Стратилат лихо подкатил к балкону, выходившему на обширный двор, и Шилин вместе с выскочившим навстречу лакеем пошел в дом сообщить о приезде Лени.

Спустя минуту из него выбежал Шемякин, за ним Аня с Соней и Плетнев, позади показалось круглое лицо спешившей Серафимы Семеновны.

Леня вышла из экипажа и нерешительно направилась им навстречу.

– Леонида Николаевна? Какими судьбами? Как мы рады! – восклицали все, окружив ее. Серафима Семеновна и Аня с Соней расцеловались с гостьей и повели ее в комнаты. – Значит, вздор говорили, что вы пропали? Вот обрадуется Дмитрий Назарович!

– Где он? Лучше ему? – осведомилась Леня.

– Да. А вы уж знаете все? Через неделю встанет! – ответили ей с двух сторон.

Радушно приветила ее и старая Степнина, и у Лени сразу стало тепло и хорошо на душе среди стольких доброжелательных и милых лиц.

– Ты ведь к нам совсем приехала, надеюсь? – с первых же слов заявила Степнина.

– Если позволите, на несколько дней, пока не встанет Дмитрий Назарович: я ухаживать за ним буду!

– А потом куда?

Леня слегка пожала плечами.

– Не знаю.

– То-то вот и есть! – ответила Степнина. – Прямо тебе к нам, как скончалась Людмила Марковна, и ехать надо было! У нас останешься! – решила она. – И замуж отсюда тебя отдадим!

Леня поцеловала руку старухи, та прижала к себе ее голову и ответила тем же в лоб и щеку.

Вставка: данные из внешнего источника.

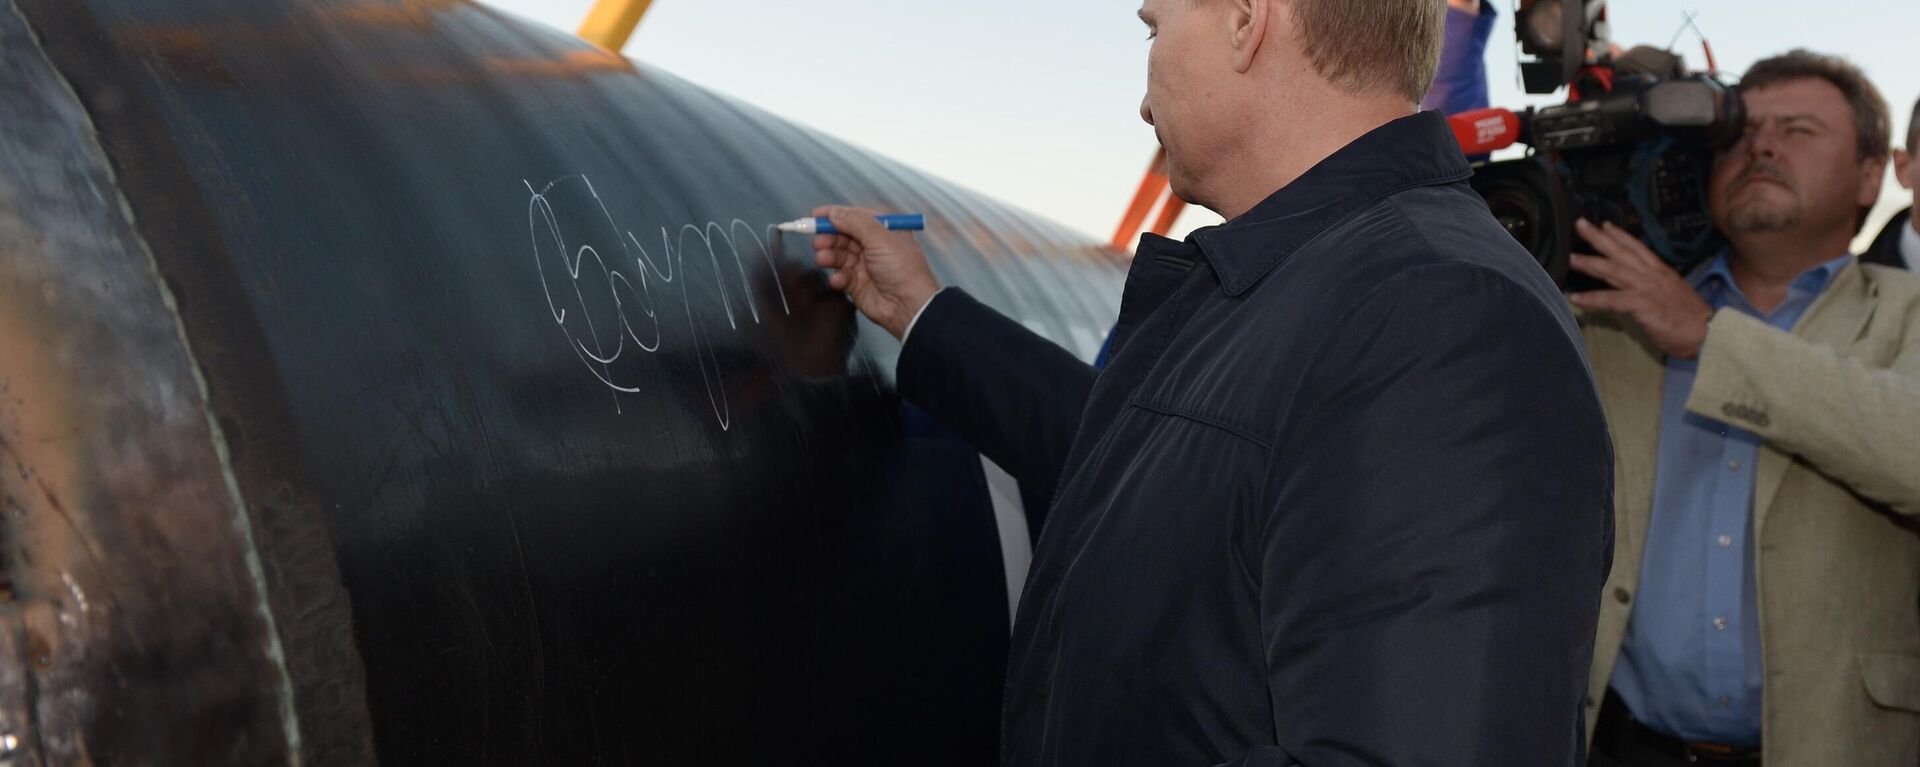 Russian President Vladimir Putin signs a section of the Power of Siberia pipeline during its construction, September 2014. - Sputnik International, 1920, 12.09.2023

– Теперь сказывай, что за приключения за такие с тобой были? Марья Михайловна нам тут бог весть что понаплела!

Все тесным кружком уселись в гостиной вокруг нового члена семьи и с жадным вниманием слушали ее рассказ.

Обращались в заключении с Леней хорошо; Маремьян при похищении ее не показывался и пришел в павильон после того, как ее туда принесли на руках двое дворовых; выпроводив их, он успокаивал ее и обещал помочь бежать; сделать это он собирался так, чтобы не быть в ответе перед «злодеем»-барином, и просил потерпеть и «поскучать» два-три дня, по прошествии которых обещал увезти ее тайком из города, куда она захочет.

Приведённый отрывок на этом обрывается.